Arizona Court of Appeals Division One holds that the phrase “may be foreclosed” in A.R.S. § 33-1807 refers to the commencement of a civil action seeking foreclosure rather than the issuance of a judgment of foreclosure and, therefore, partial payment of a lien does not entitle one to relief under Arizona Rule of Civil Procedure 60(b).

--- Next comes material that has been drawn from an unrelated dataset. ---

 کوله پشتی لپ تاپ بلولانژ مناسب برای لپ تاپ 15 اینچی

A homeowners association (“HOA”) instituted foreclosure proceedings on its lien for unpaid assessments against a homeowner.  The homeowner failed to timely respond to the complaint and the HOA moved for a default judgment.  The homeowner moved to set aside the entry of default and tendered a check to the HOA in the amount asserted to cover the past-due assessments.  The trial court declined to set aside the default and, after a damages hearing, entered a judgment of foreclosure.  The homeowner moved to set aside the default judgment, arguing he was entitled to relief under Arizona Rule of Civil Procedure 60(b)(1), (2), (4), and/or (6).  The trial court denied the motion, and the Court of Appeals affirmed.

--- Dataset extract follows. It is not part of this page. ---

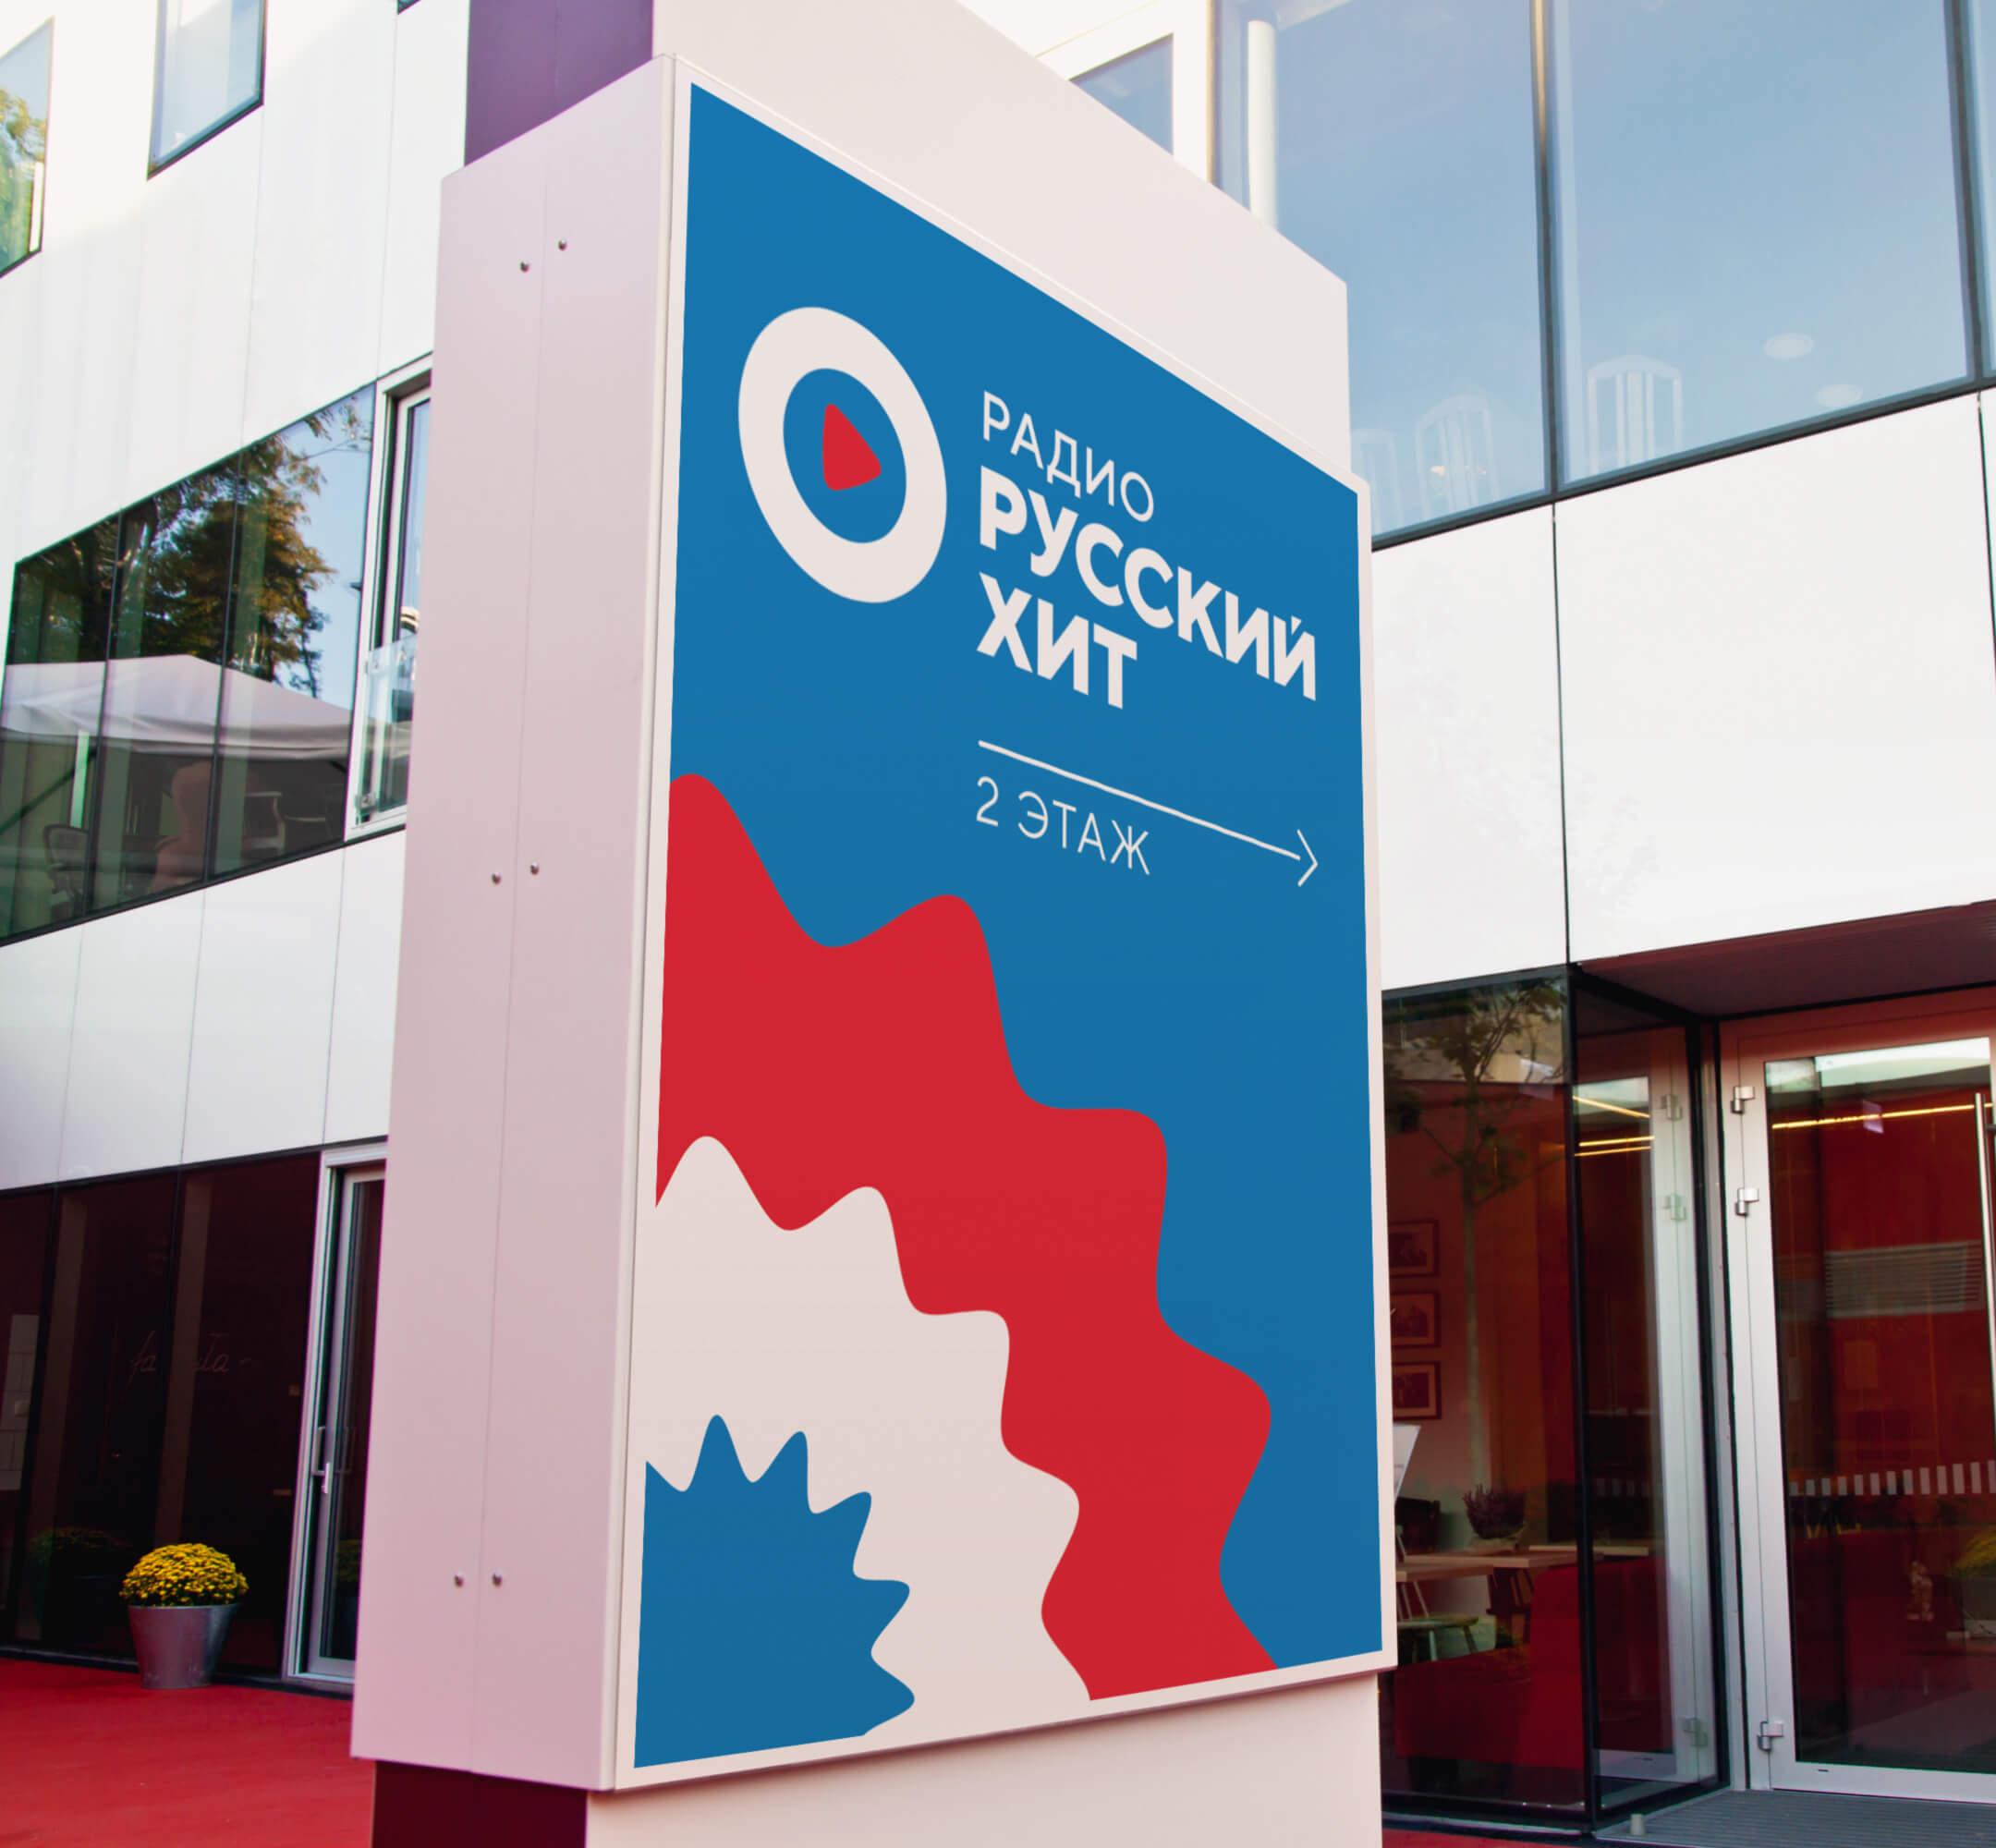 Дизайн фирменного стиля и логотипа для радио Русский Хит.

The Court quickly dispensed with the Homeowner’s arguments under Rule 60(b)(1), (2), and (6), and focused primarily on the interplay between Rule 60(b)(4) and A.R.S. § 33-1807, Arizona’s statute pertaining to liens and foreclosures.

At the time of this action, § 33-1807 stated that an association’s lien “may be foreclosed only if the owner has been delinquent in the payment of monies secured by the lien . . . for a period of one year or in the amount of $1,200 or more, whichever occurs first.”  (The statute has since been amended.)  The homeowner argued that because he paid off the assessments before the trial court entered the judgment of foreclosure, the court lacked jurisdiction and therefore he was entitled to relief under Rule 60(b)(4), which allows relief to be granted where a judgment is void. 

The Court examined whether the phrase “may be foreclosed” referred to (a) the commencement of a civil action seeking foreclosure or (b) the issuance of a judgment of foreclosure.  The Court found that it referred to the former.  First, it reasoned that the plain language supports its finding because the phrase “whichever occurs first” would be irrelevant if a court could not even consider the triggering events until it was ready to enter a judgment.  The Court also reasoned that the homeowner’s interpretation of the statute would allow associations to sue to foreclose before a triggering event, under the assumption one or both events would occur before the judgment is ordered.  Last, the Court found that if the Arizona Legislature had intended a partial or full payment of an assessment to extinguish a lien, it would have drafted a specific provision allowing such—as California has.

Consequently, the Court held that the trial court had jurisdiction under § 33-1807 to enter the judgment of foreclosure and thus the Homeowner was not entitled to relief under Rule 60(b).

Judge Cattani dissented, explaining his view that “may be foreclosed” under § 33-1807 refers instead to the issuance of a judgment of foreclosure.  He would hold that a lien may not be foreclosed “unless the homeowner owes—as of the date of the foreclosure order—at least $1,200 (excluding related collection fees, attorney’s fees, and charges for late payments) or the assessments (in any amount) are delinquent for a period of one year as of the date of the order.”  Judge Cattani’s dissent reasoned that once a homeowner pays the full amount due, there is no triggering event for a judgment of foreclosure; he would have found that the homeowner was entitled to relief under Rule 60(b)(6).

Judge Cruz authored the opinion, in which Judge Kenton joined; Judge Cattani dissented.